2. From spark context, we will create a RDD

3. Create RDD in 2 ways
  -> from collections (List, Seq, Set ,....)
  -> from datasets (csv, tsv, text, json, hive, hdfs, cassandra....)

---------------------------------------------
Start the spark shell using 3 approaches:

1. scala command => spark-shell

2. python command => pyspark

3. R command => sparkR


Spark-1.6.x is compatable with Scala-2.10 & Scala-2.11

Spark-2.0.x is compatable with Scala-2.11

Spark context available as sc.

SQL context available as sqlContext.

---------------------------------------------

val list = List(1,2,3,4)

val rdd = sc.parallelize(list)

---------------------------------------------
scala> val list = List(1,2,3,4)
list: List[Int] = List(1, 2, 3, 4)

scala> val rdd = sc.parallelize(list)
rdd: org.apache.spark.rdd.RDD[Int] = ParallelCollectionRDD[0] at parallelize at <console>:29

scala> rdd.getNumPartitions
res0: Int = 4

scala> val rdd = sc.parallelize(list, 2)
rdd: org.apache.spark.rdd.RDD[Int] = ParallelCollectionRDD[1] at parallelize at <console>:29

scala> rdd.getNumPartitions
res1: Int = 2


---------------------------------------------

scala> rdd.collect
res3: Array[Int] = Array(1, 2, 3, 4)

scala> rdd.map(x => x + 1).collect
res4: Array[Int] = Array(2, 3, 4, 5)

scala> rdd.map(x => x + 1)
res5: org.apache.spark.rdd.RDD[Int] = MapPartitionsRDD[4] at map at <console>:32

scala> rdd.map(x => x + 1).collect
res6: Array[Int] = Array(2, 3, 4, 5)

scala> rdd.map(x => x * x).collect
res7: Array[Int] = Array(1, 4, 9, 16)


scala> rdd.min
res8: Int = 1

scala> rdd.max
res9: Int = 4

scala> rdd.sum
res10: Double = 10.0

---------------------------------------------
1. create a rdd with 1 to 10 numbers

val rdd = sc.parallelize(1 to 10)

2. add number 1 to each element

val addRdd = rdd.map(x => x + 1)

3. filter even number in above data

val filterRdd = addRdd.filter(x => x % 2 == 1)

4. sum of the all numbers in above data

val sum = filterRdd.sum

5. print all the numbers in above data

filterRdd.foreach(x => println(x))
filterRdd.foreach(println)


6. save this data into local file system / hdfs

val output = "file:///home/orienit/work/output/data"
val output = "hdfs://localhost:8020/output/data"

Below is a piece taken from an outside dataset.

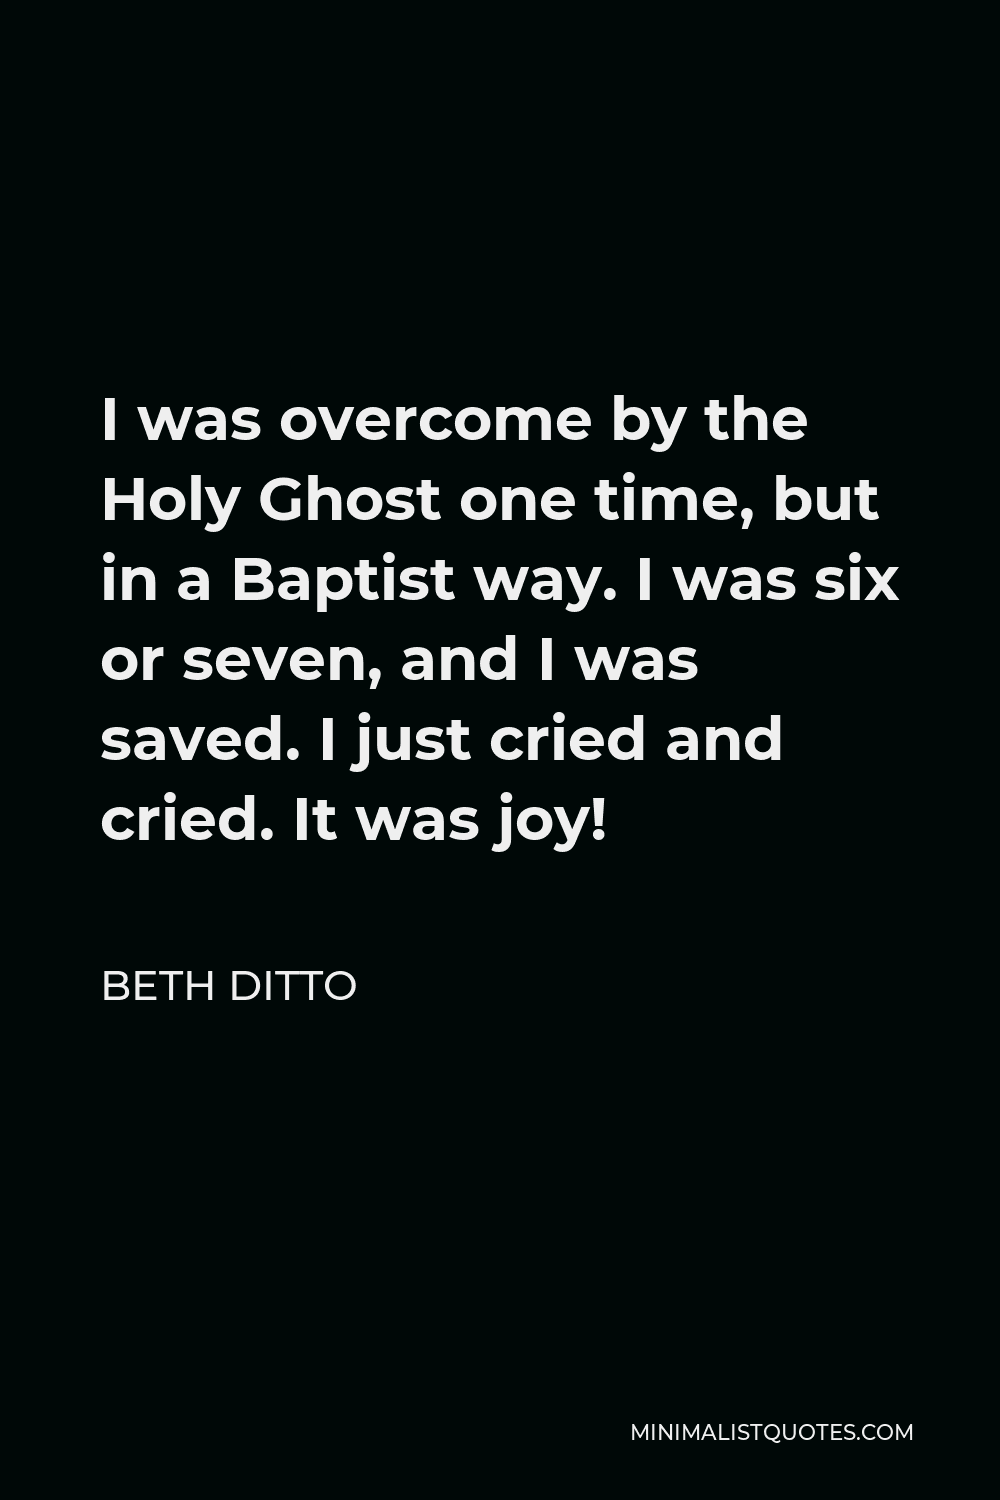 Beth Ditto Quote - I was overcome by the Holy Ghost one time, but in a Baptist way. I was six or seven, and I was saved. I just cried and cried. It was joy!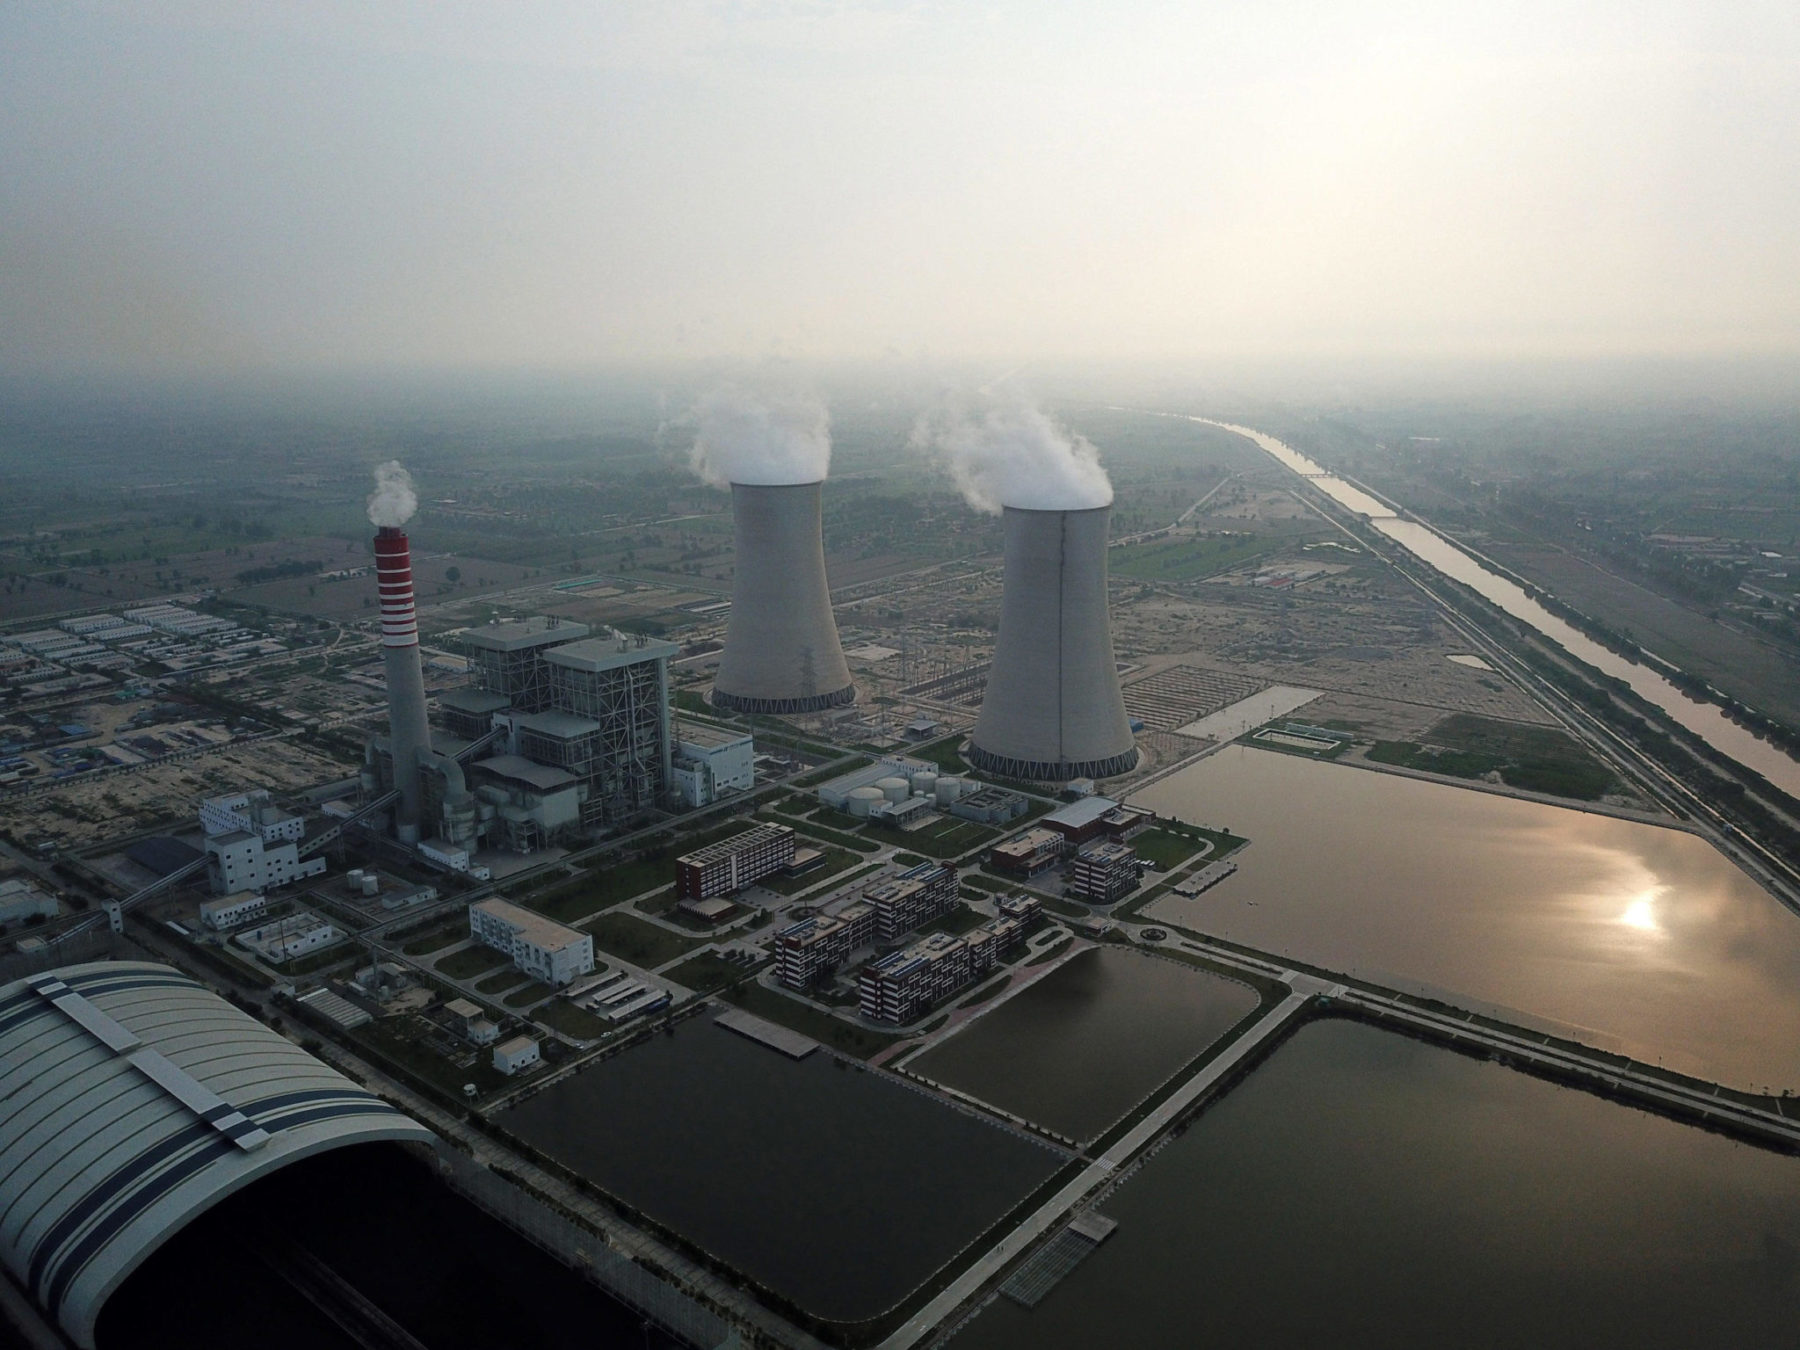 <p>A coal power plant in Sahiwal, Punjab. Six coal plants have been built under the China-Pakistan Economic Corridor so far, adding almost 5,000 MW of power to the grid by 2019 [Image by: Xinhua / Alamy]</p>

filterRdd.saveAsTextFile(output)


7. repartition the data

val repartitionRdd = filterRdd.repartition(1)


8. save this data into local file system / hdfs

val output = "file:///home/orienit/work/output/data1"
val output = "hdfs://localhost:8020/output/data1"

repartitionRdd.saveAsTextFile(output)

---------------------------------------------

scala> val rdd = sc.parallelize(1 to 10)
rdd: org.apache.spark.rdd.RDD[Int] = ParallelCollectionRDD[8] at parallelize at <console>:27

scala> rdd.collect
res11: Array[Int] = Array(1, 2, 3, 4, 5, 6, 7, 8, 9, 10)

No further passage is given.